P. 2, fig. 2 (reproduced above).
‘output’ :: P. 3, “Finally, the output of the decoder is LaTeX strings.”
Regarding claim 16, Zhang discloses the further limitation wherein obtaining the plurality of continuous vectors that represent the plurality of additional mathematical expressions comprises applying the plurality of additional mathematical expressions to the encoder to generate the plurality of continuous vectors.
The Examiner notes that the encoder and decoder models described throughout Zhang are trained iteratively over each instance in the training dataset. See generally p. 2477, sec. C (‘Dataset’) and V (‘Experiments’).
Claim Rejections - 35 USC § 103
The following is a quotation of 35 U.S.C. 103(a) which forms the basis for all obviousness rejections set forth in this Office action:
(a) A patent may not be obtained though the invention is not identically disclosed or described as set forth in section 102 of this title, if the differences between the subject matter sought to be patented and the prior art are such that the subject matter as a whole would have been obvious at the time the invention was made to a person having ordinary skill in the art to which said subject matter pertains. Patentability shall not be negatived by the manner in which the invention was made.
The following are the references relied upon in the rejections below:
Dhar (Dhar, Sourish, Sudipta Roy, and Arnab Paul. "Scientific document retrieval using structure encoded string with trie indexing." Information Services and Use 42.2 (2022): 241-259.)
Jianshu Zhang (Zhang, Jianshu, et al. "SRD: a tree structure based decoder for online handwritten mathematical expression recognition." IEEE transactions on multimedia 23 (2020): 2471-2480.)

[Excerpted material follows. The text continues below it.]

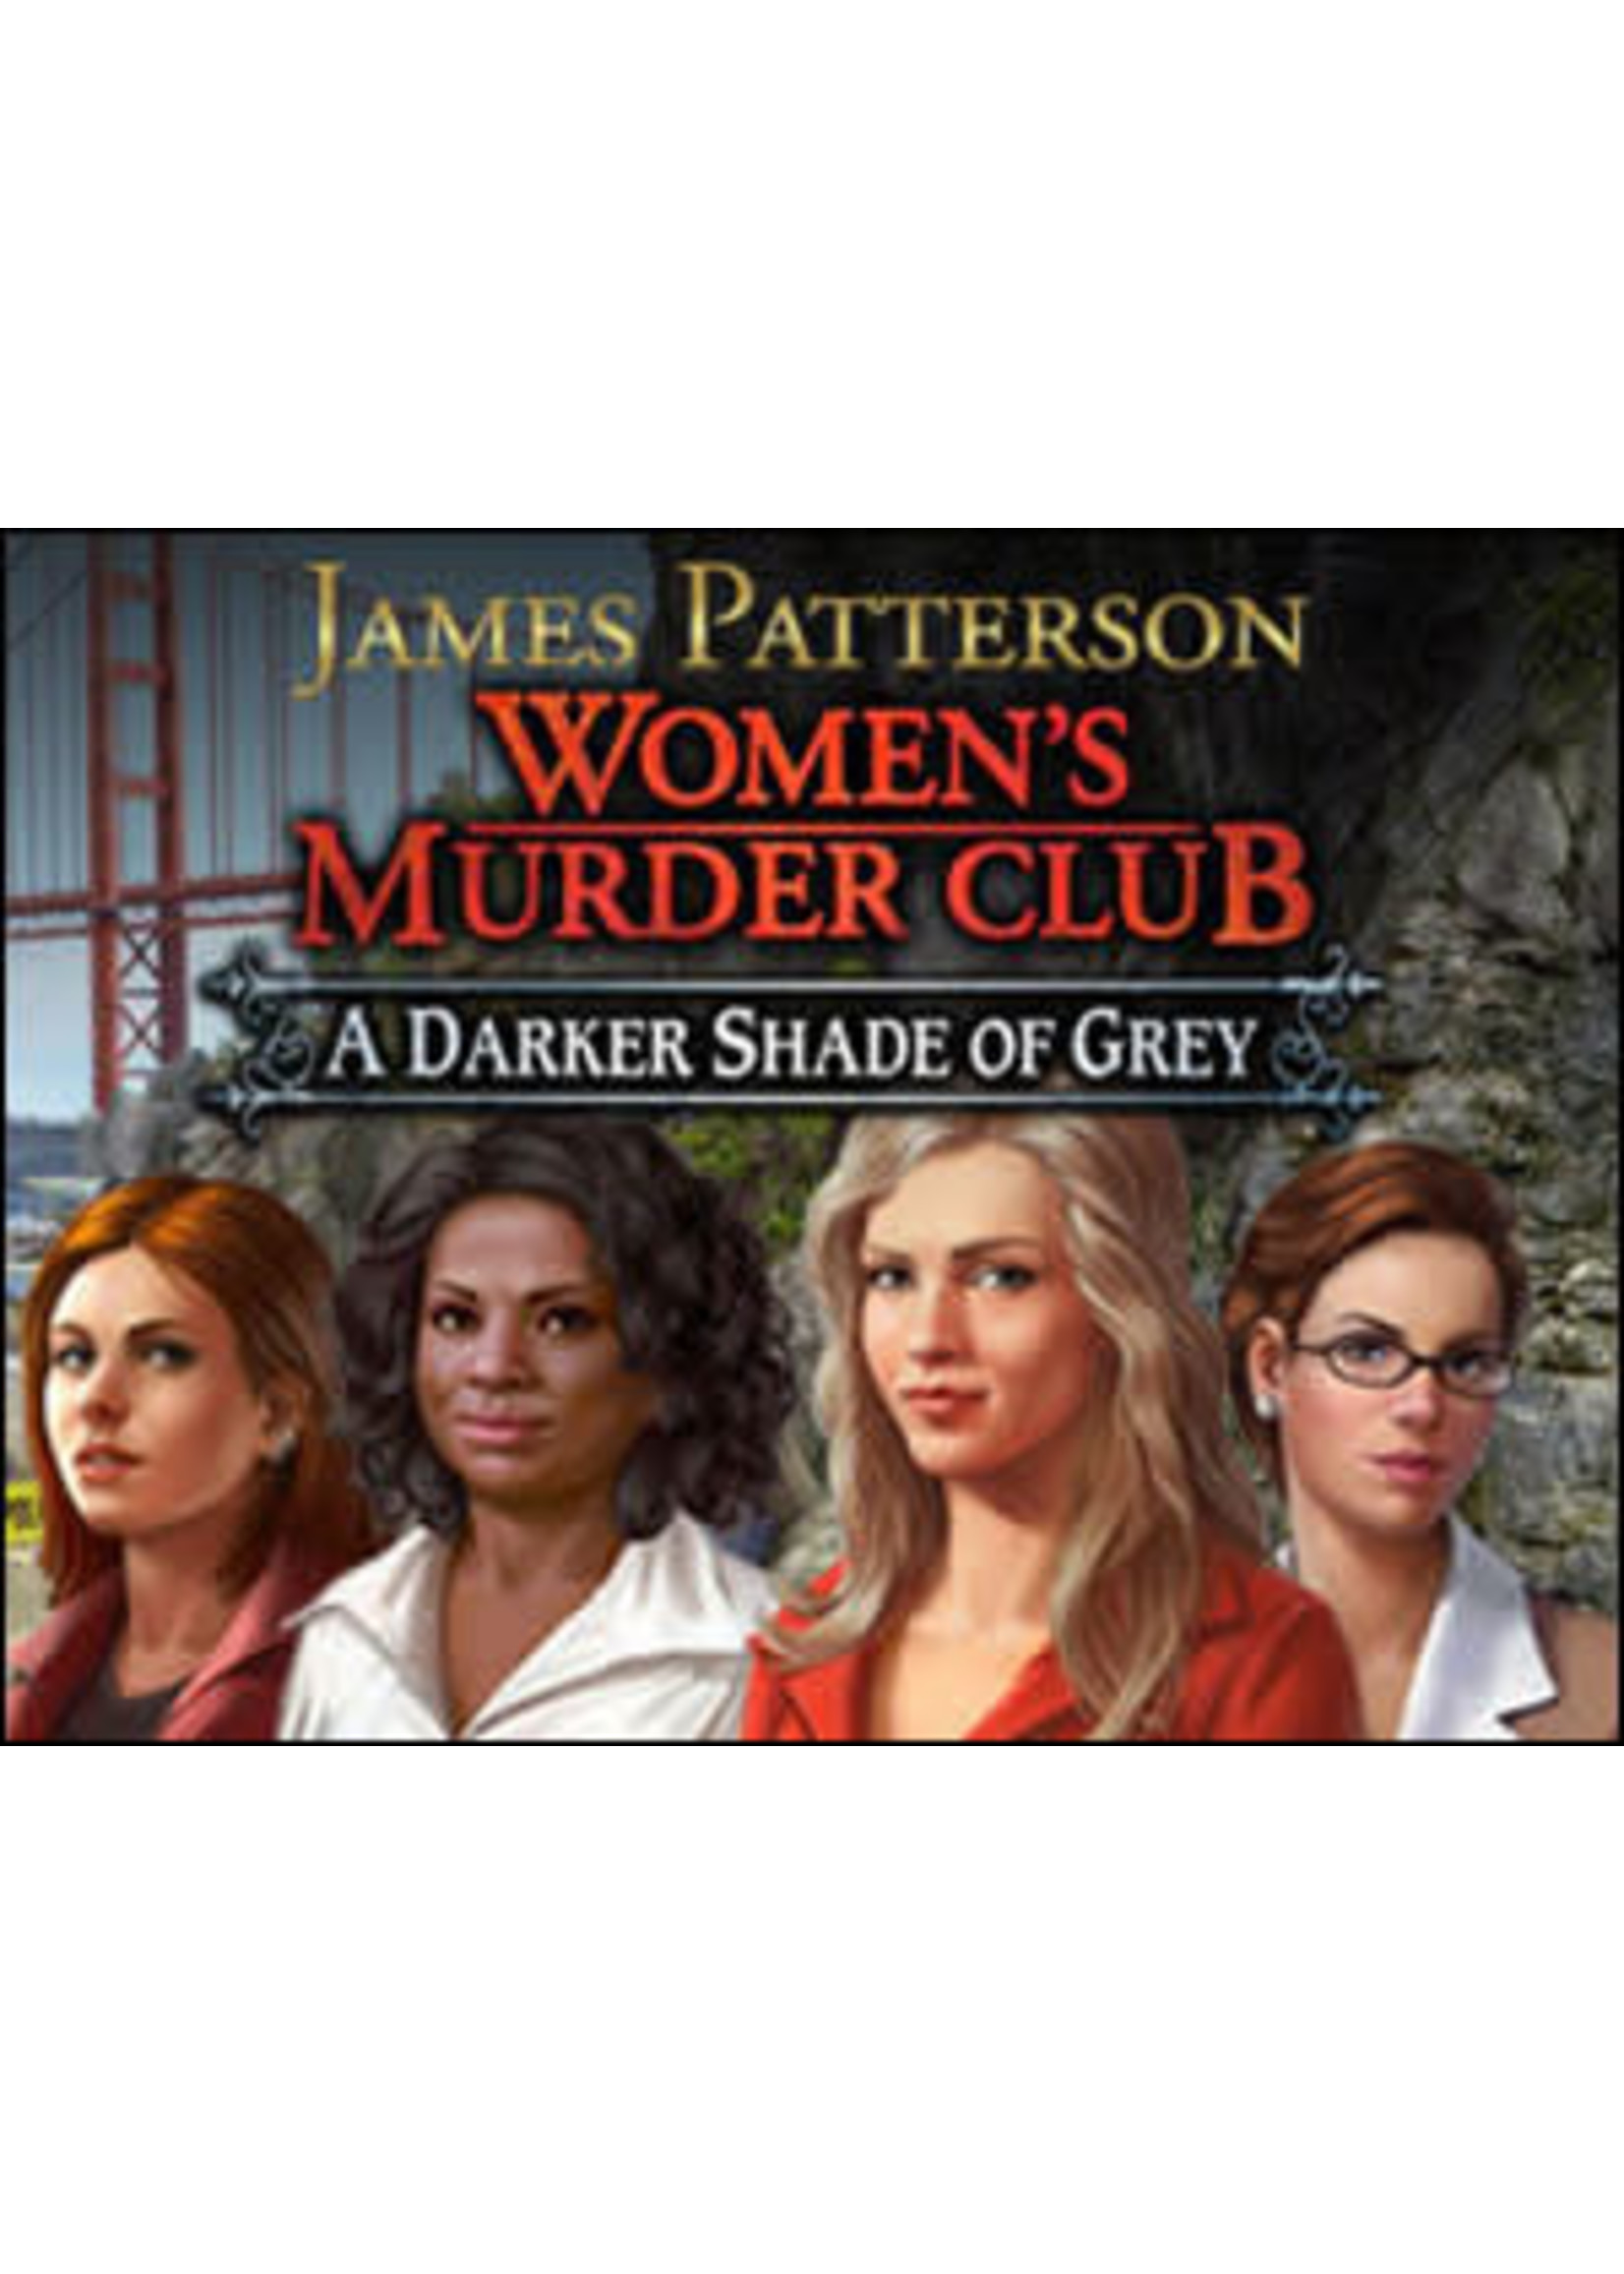 James Patterson Women's Murder Club A Darker Shade Of Grey PC Games

Zhang (Zhang, Jin, Weipeng Ming, and Pengfei Liu. "A two-stage framework for mathematical expression recognition." OpenReview.net, ICLR 2020 conference blind submission, published online 25 Sept 2019.)
Claims 3 is rejected under 35 U.S.C. 103 as being unpatentable over Zhang and Dhar.

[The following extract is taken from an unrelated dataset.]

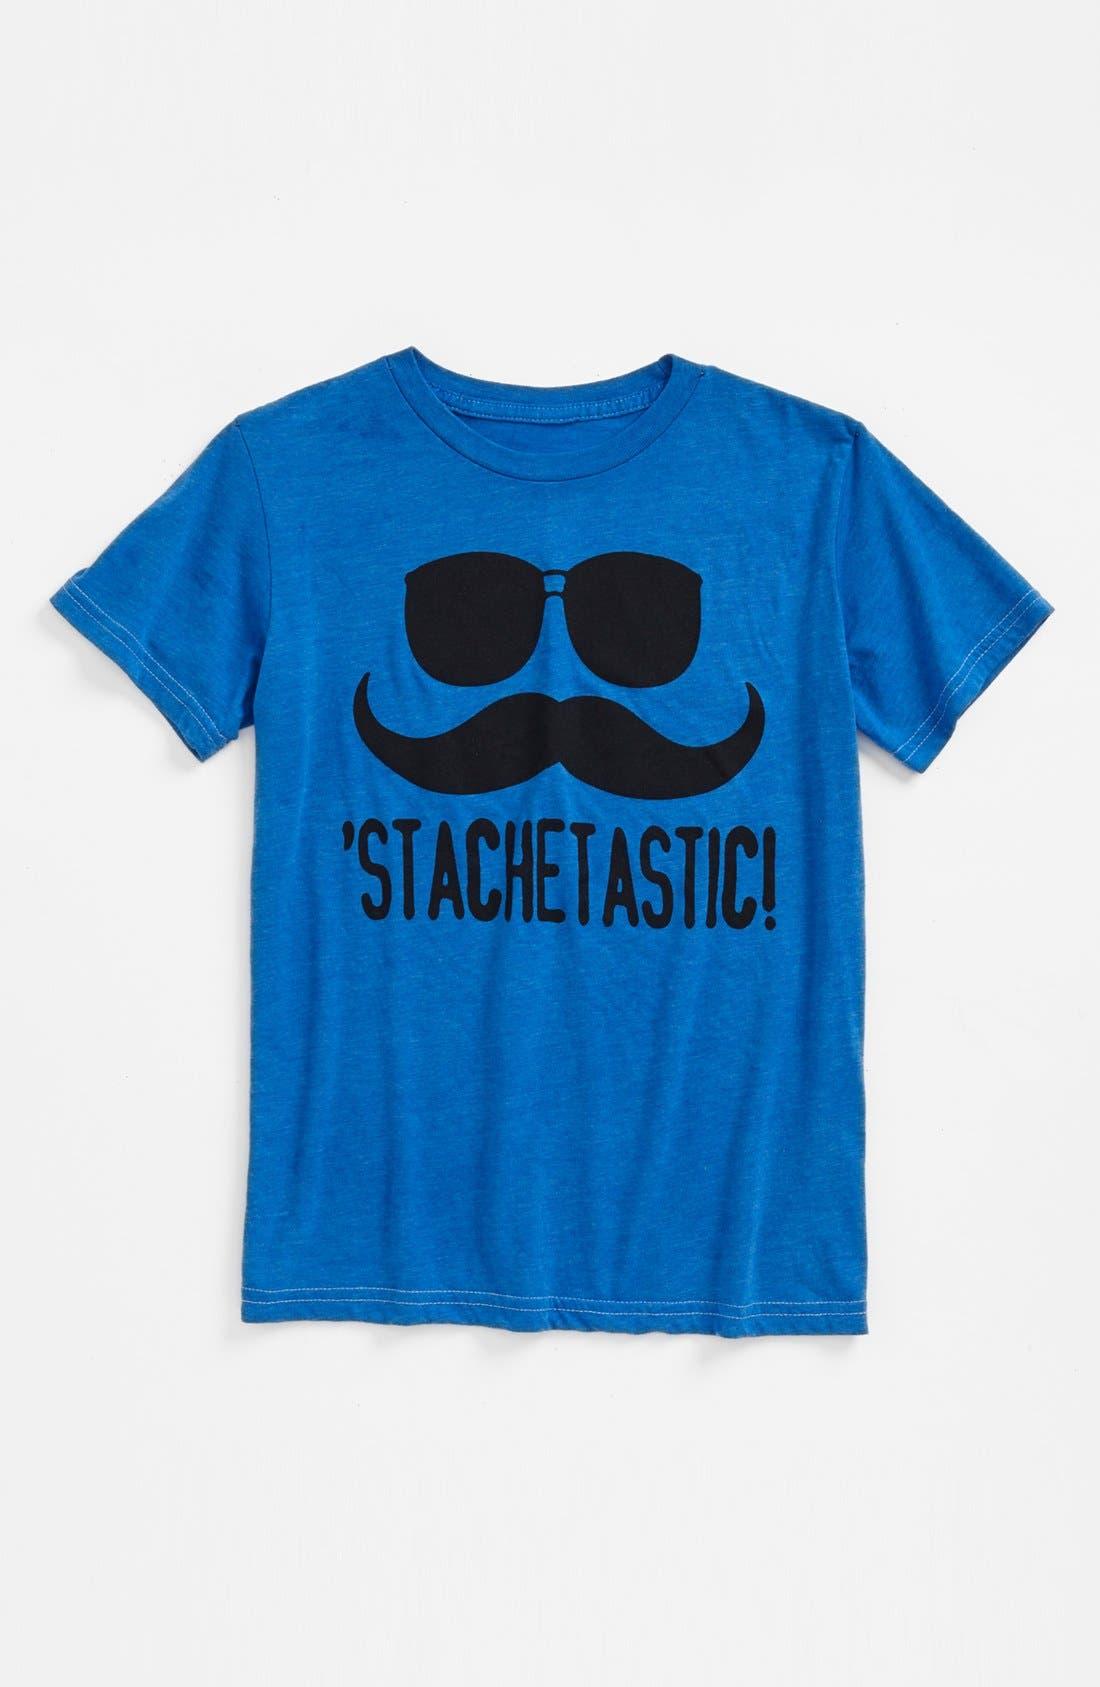 Alternate Image 1 Selected - Jem 'Stachetastic' Screenprint T-Shirt (Big Boys)

Regarding claim 3, Dhar discloses the following further limitation which Zhang does not disclose wherein parsing the input mathematical expression into the input ordered sequence of mathematical symbols comprises generating the input ordered sequence of mathematical symbols to represent the input mathematical expression according to the reverse Polish notation.
P. 242, “In Egomath2 (designed by Jozef Misutka as an extended version of Egothor by Leo Galambos, MFF UK Prague) mathematical formulae are stored using reverse polish notation. In turn, it employs an augmentation algorithm to the input by applying both transformation and generalization rules along with an ordering algorithm [8,18,19]. For instance, x2 will be represented in simple text consisting of three terms 𝑥, ,̂ 2; but will be stored internally as postfix notation.”
At the time of filing, it would have been obvious to a person of ordinary skill to encode mathematical expressions in reverse Polish notation (as taught by Dhar) in combination with the Zhang system because it provides the advantage of not necessitating parentheses.
Claims 14 is rejected under 35 U.S.C. 103 as being unpatentable over Zhang and Jianshu Zhang.
Regarding claim 14, Jianshu Zhang discloses the further limitation which Zhang does not disclose comprising:
obtaining a plurality of continuous vectors that represent a plurality of additional mathematical expressions; and
P. 2476, first col., “As for the training loss of primary symbol node, we can get an alignment distance vector dPrimti which denotes distance between primary symbol t and input point i (xy-coordinate of handwriting traces) by using the input of computing primary attention energy …”.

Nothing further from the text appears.